The First Diet Procedure
[2]
The appellant appeared on petition on 16 June 2020. He was indicted, along with a
co-accused, to a First Diet at Edinburgh Sheriff Court on 15 January 2021. The substantive
charge is a single one of wilful fireraising at the Wester Hailes Education Centre on
13 March 2020.
[3]
Because of Covid restrictions, the First Diet was continued administratively until
1 March and then 25 May. Thereafter, there followed six further FDs with repeated
continuations for a variety of reasons. At each of the seven FDs, a different procurator fiscal
depute, and five different sheriffs, were present. This reflects, as will be seen, a lack of
ownership of the case by either the prosecution or the court.
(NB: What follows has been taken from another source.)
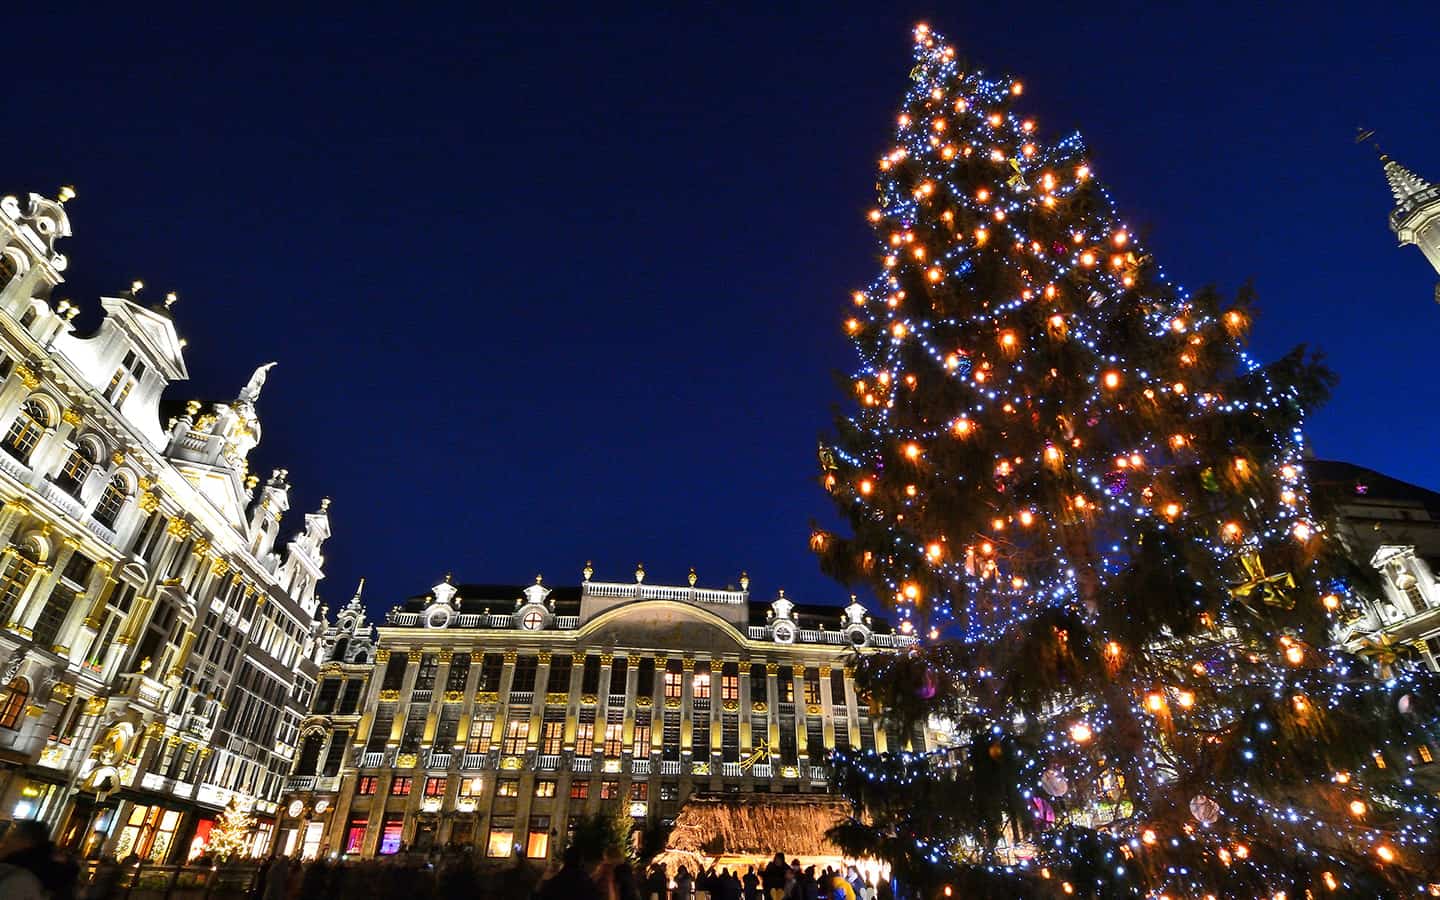 Am Grand Place Brussel mit bunter Beleuchtung dekorierte Weihnachtsbaum

This is particularly disturbing
given that the appellant is a child.
[4]
Since the reforms to solemn procedure in the sheriff court, introduced by part 3 of
the Criminal Justice (Scotland) Act 2016 (see also Act of Adjournal (Criminal Procedure
Rules 1996 Amendment) (Miscellaneous) 2017), a First Diet, like a Preliminary Hearing in
the High Court, is intended to mark the end of the preparation stage of a case (HM Advocate
v Forrester 2007 SCCR 216, Lord Bracadale at para [16] approved in Murphy v HM Advocate
2013 JC 60, Lord Carloway, delivering the opinion of the court, at para [28]). Continuations
3
or adjournments should be the exception rather than the rule (HM Advocate v Forrester at
para [17]). The statutory direction (1995 Act ss 71B) is that at the FD, having disposed of any
preliminary pleas and issues, the court must fix a trial diet. The procedure, which was
followed in this case on and from the FD of 25 May, flies in the face of the statutory scheme.
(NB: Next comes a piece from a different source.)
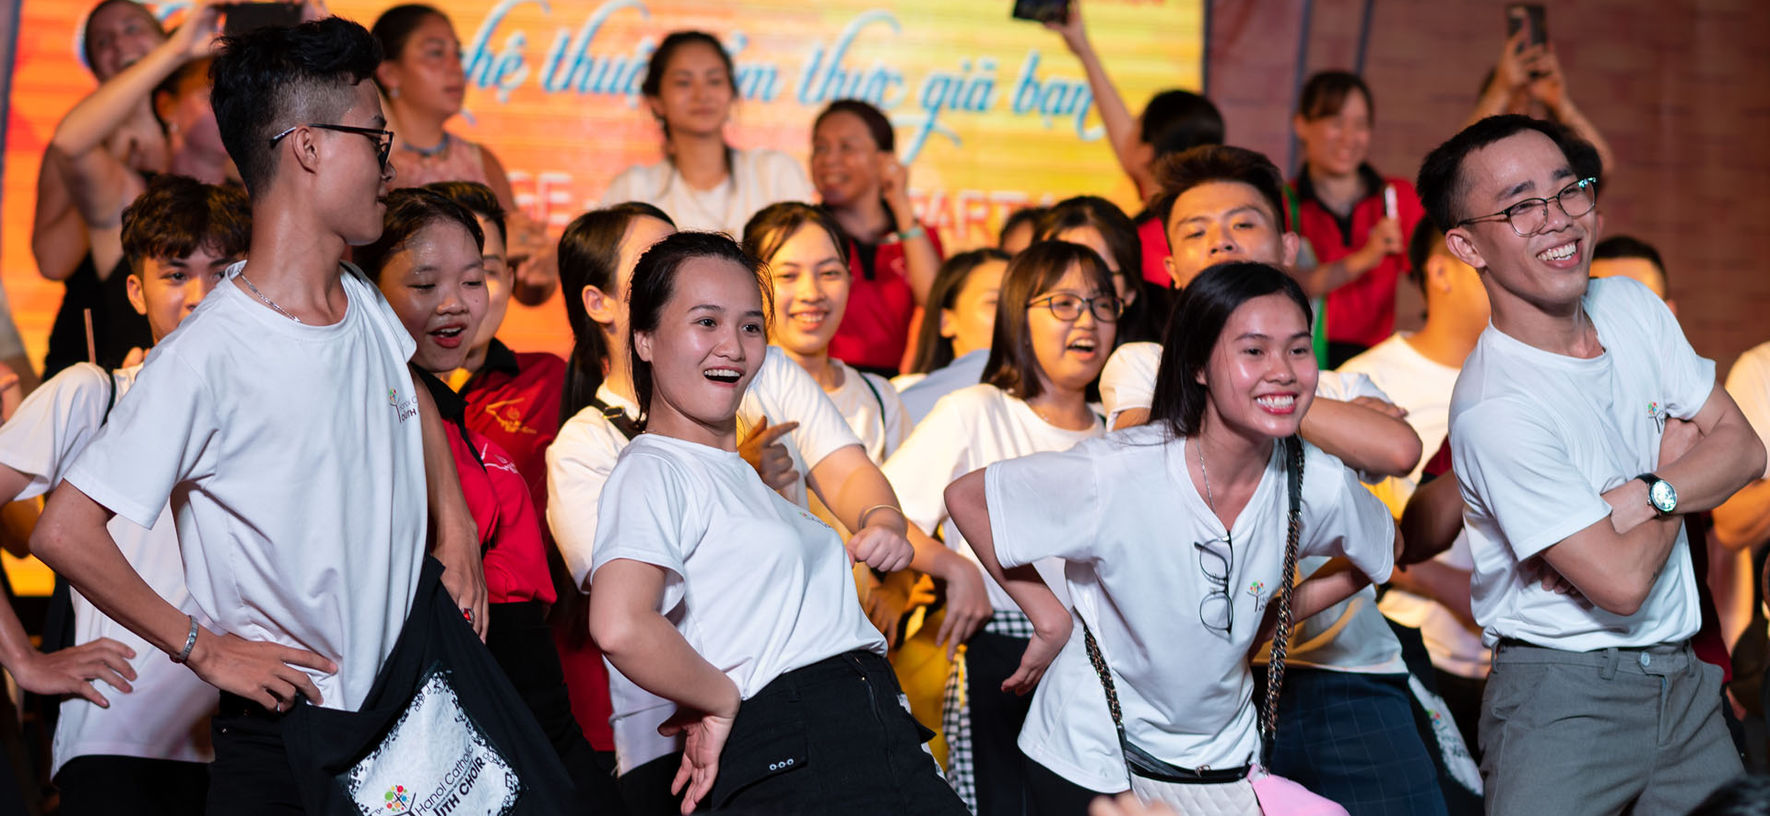 Choir Party in Hoi An, Vietnam © INTERKULTUR

That scheme was effectively and repeatedly ignored.
[5]
The First Diet of 25 May was adjourned, purportedly under section 75A(2) of the
1975 Act, on joint motion "for further time to prepare". This bland explanation requires
deeper exploration. The case had already been in court for some six months. As matters
stood immediately before the FD, the only matters of which the appellant sought disclosure
in terms of the defence statement were four statements given by witnesses to the police.
However, on 21 April, the appellant's agent had requested disclosure of "all material"
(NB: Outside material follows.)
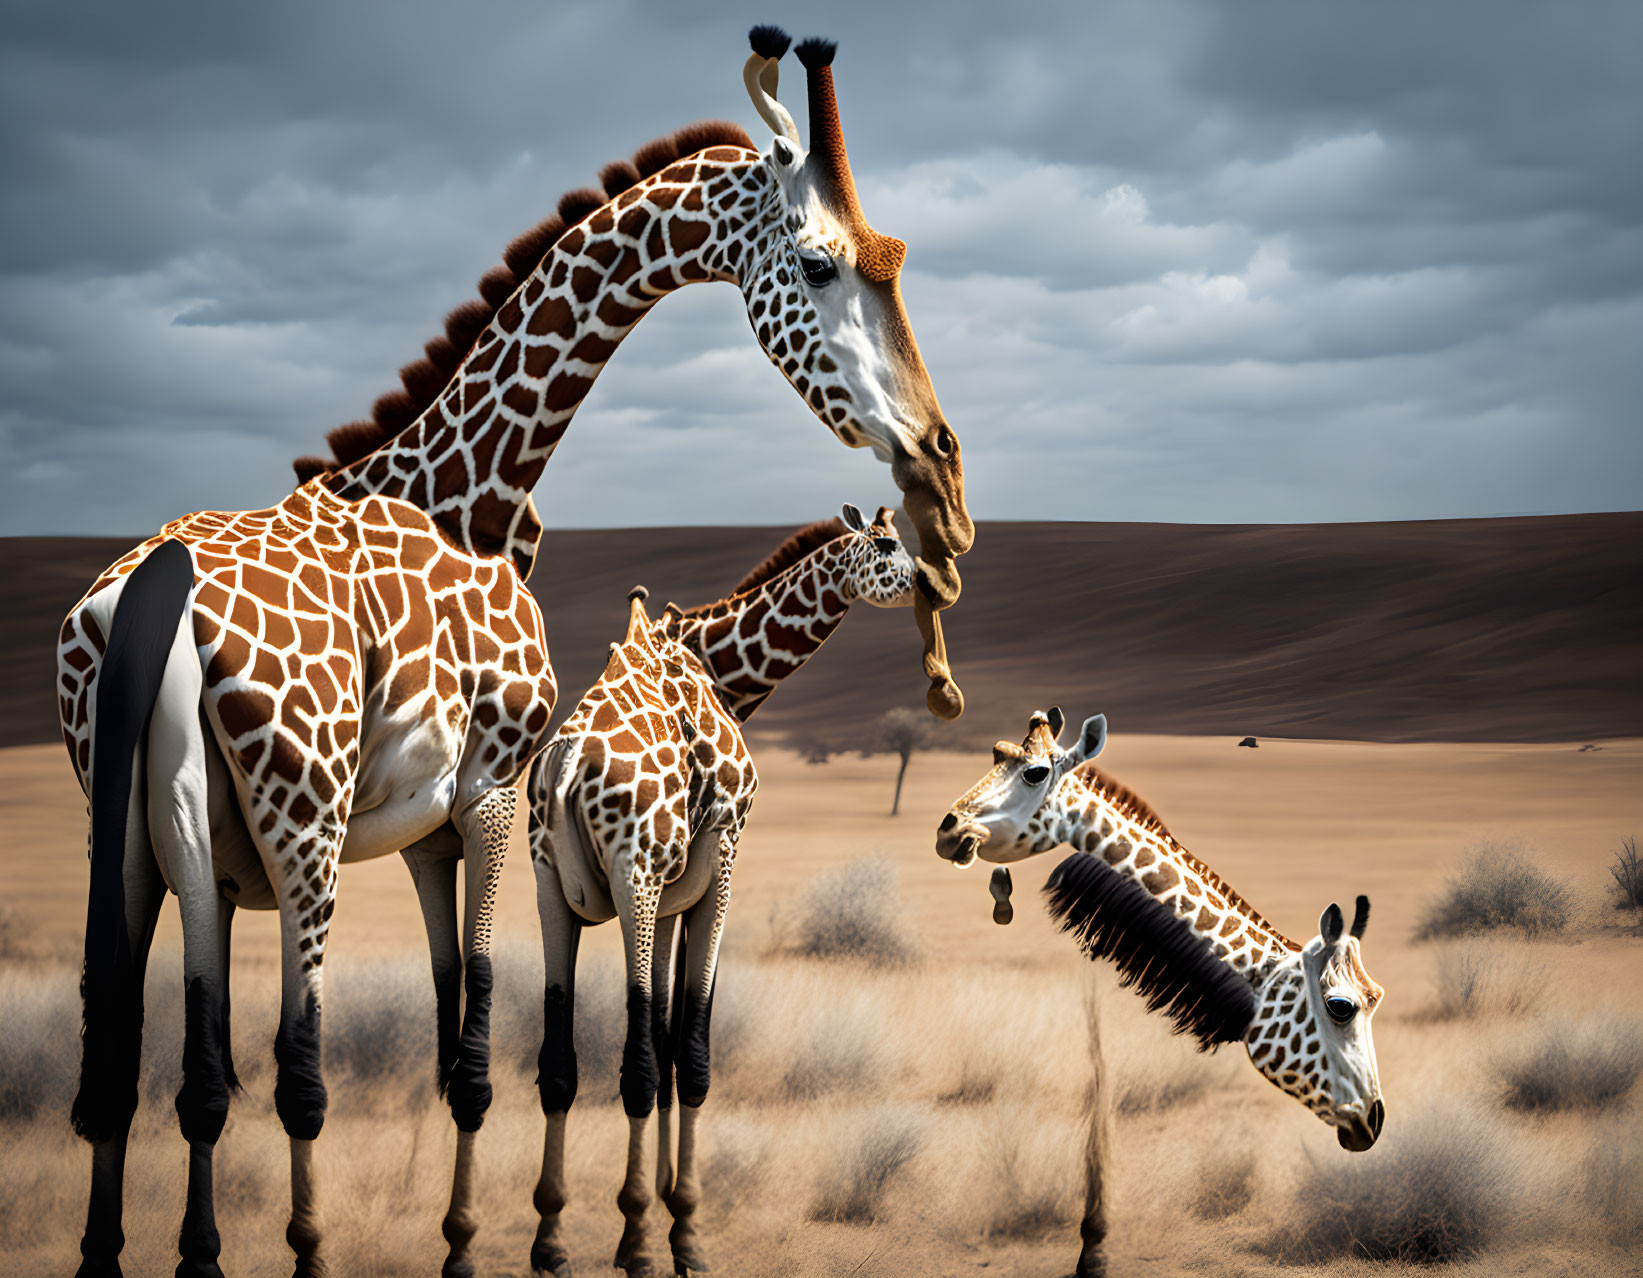 Three Giraffes in Desert Under Dark Clouds

relating to a High Court prosecution against different accused. Although that case
principally involved a charge of attempted murder, it did include a libel of fire raising which
had occurred on the same date as that in the appellant's case. The accused in the High Court
case had been seen in the vicinity of the WHEC after the fire had started. That fact had been
intimated by the Crown to the appellant as part of the general disclosure which had been
carried out in November 2020.
[6]
The appellant's request for additional disclosure had been sent in error to the sheriff
clerk rather than the Crown. It was only on the day of the First Diet that an amended
defence statement, which raised the issue of the other episode of fireraising, was lodged.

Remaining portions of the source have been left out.